··· GIVEN ENTRIES ···

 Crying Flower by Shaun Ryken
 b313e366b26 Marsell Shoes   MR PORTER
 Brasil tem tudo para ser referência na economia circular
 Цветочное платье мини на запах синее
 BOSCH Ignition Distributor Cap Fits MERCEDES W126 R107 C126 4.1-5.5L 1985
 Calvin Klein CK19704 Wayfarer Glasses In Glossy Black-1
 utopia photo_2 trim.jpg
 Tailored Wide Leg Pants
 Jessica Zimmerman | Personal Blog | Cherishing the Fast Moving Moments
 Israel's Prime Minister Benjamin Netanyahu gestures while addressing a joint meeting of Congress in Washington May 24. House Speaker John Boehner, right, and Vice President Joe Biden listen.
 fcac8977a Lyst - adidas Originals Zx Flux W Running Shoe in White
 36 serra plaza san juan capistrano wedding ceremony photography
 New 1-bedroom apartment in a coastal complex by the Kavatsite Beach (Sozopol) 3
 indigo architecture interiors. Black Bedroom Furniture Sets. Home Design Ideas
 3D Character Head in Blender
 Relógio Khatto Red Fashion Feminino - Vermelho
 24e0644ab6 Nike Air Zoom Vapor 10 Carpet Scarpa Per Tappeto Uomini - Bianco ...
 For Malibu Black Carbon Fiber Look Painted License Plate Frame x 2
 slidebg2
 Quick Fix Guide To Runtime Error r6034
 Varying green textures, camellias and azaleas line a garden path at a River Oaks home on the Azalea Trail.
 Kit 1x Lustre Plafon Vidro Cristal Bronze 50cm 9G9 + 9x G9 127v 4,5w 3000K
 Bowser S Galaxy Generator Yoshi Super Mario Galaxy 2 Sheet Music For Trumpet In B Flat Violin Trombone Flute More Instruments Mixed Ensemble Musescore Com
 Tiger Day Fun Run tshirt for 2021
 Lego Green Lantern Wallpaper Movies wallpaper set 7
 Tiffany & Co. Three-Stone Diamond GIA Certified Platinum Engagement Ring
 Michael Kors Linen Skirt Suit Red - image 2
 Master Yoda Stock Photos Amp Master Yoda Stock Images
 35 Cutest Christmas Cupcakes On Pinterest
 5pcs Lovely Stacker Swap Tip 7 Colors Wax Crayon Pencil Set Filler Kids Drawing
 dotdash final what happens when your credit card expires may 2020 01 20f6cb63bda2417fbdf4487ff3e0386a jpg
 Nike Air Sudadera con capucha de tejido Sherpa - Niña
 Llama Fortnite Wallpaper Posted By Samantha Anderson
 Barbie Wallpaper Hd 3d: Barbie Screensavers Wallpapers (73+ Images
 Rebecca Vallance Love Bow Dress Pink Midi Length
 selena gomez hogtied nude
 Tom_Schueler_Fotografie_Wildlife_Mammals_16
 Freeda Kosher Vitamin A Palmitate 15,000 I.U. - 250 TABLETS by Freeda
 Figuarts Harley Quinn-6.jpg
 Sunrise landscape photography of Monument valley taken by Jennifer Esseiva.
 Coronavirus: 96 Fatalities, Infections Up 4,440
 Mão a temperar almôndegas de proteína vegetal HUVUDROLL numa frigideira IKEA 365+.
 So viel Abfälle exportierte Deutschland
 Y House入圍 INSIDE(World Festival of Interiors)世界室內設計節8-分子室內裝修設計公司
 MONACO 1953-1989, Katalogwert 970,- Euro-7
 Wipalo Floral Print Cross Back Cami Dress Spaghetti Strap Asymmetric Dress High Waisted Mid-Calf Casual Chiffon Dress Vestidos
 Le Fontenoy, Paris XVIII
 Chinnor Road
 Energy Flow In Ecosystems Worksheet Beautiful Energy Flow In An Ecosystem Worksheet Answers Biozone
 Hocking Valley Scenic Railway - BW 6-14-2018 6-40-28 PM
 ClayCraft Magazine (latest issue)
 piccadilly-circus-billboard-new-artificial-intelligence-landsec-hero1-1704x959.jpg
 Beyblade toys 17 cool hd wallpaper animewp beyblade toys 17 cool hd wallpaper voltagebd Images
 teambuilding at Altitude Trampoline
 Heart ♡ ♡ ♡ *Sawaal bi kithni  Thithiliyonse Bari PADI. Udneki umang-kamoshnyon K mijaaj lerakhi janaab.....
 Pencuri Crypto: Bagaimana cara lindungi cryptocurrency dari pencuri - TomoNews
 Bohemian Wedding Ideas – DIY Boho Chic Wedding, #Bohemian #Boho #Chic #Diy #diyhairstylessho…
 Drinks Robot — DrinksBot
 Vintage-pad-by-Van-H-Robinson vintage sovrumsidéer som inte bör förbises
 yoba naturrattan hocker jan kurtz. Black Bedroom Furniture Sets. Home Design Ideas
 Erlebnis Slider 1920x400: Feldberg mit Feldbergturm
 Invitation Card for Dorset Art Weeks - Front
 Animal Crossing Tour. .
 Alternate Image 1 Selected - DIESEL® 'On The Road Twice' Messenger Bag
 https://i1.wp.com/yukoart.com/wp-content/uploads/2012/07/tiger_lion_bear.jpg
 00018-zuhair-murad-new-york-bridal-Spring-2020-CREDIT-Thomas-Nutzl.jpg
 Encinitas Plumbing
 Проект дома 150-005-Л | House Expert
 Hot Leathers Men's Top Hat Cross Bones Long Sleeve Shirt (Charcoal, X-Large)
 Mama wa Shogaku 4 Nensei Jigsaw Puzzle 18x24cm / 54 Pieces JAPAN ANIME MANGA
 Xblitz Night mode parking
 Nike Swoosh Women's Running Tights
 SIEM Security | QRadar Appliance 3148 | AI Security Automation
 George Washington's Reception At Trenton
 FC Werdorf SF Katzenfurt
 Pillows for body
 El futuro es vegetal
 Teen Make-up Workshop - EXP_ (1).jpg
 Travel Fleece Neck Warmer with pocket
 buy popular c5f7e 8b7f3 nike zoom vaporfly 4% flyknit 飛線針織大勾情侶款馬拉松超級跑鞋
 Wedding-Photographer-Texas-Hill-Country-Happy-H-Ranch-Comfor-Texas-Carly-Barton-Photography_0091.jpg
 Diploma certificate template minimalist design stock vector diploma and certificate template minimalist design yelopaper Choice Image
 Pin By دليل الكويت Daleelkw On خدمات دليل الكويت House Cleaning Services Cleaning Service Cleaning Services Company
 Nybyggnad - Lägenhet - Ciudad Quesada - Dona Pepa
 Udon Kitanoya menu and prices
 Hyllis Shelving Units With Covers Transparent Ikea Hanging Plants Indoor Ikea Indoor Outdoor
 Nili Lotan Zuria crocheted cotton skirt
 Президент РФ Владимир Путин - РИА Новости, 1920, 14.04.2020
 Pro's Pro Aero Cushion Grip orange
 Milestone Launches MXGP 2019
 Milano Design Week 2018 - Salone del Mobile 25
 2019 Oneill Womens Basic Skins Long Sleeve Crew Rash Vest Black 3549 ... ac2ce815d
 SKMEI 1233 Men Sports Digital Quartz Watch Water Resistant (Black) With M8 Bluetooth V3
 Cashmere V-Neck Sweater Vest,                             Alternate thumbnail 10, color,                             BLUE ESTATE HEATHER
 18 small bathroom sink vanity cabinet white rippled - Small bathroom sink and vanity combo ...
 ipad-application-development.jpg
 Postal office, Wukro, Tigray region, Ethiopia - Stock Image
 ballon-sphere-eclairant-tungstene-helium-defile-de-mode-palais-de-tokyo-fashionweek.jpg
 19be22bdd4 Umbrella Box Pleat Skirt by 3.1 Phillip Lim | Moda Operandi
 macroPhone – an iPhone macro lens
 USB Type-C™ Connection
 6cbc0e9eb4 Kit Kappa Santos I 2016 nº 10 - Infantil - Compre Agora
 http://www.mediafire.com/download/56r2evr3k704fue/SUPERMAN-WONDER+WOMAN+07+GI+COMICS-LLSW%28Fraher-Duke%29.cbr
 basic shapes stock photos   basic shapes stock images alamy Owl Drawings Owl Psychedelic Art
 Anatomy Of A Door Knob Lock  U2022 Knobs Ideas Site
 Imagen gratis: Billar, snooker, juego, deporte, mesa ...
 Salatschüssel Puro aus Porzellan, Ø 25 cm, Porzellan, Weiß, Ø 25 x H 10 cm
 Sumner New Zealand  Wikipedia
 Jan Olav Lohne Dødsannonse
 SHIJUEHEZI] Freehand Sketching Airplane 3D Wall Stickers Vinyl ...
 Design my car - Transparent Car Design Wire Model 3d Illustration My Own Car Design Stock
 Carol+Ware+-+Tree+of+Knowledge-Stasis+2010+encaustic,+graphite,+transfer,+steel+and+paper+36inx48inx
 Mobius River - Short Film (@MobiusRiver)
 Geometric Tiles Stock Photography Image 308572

···

HOW TO COMPLETE THIS TASK: The required output is the stretch of entries above from the line containing "Le Fontenoy, Paris XVIII" through the line containing "ClayCraft Magazine (latest issue)", reproduced exactly.

ANSWER BELOW:
 Le Fontenoy, Paris XVIII
 Chinnor Road
 Energy Flow In Ecosystems Worksheet Beautiful Energy Flow In An Ecosystem Worksheet Answers Biozone
 Hocking Valley Scenic Railway - BW 6-14-2018 6-40-28 PM
 ClayCraft Magazine (latest issue)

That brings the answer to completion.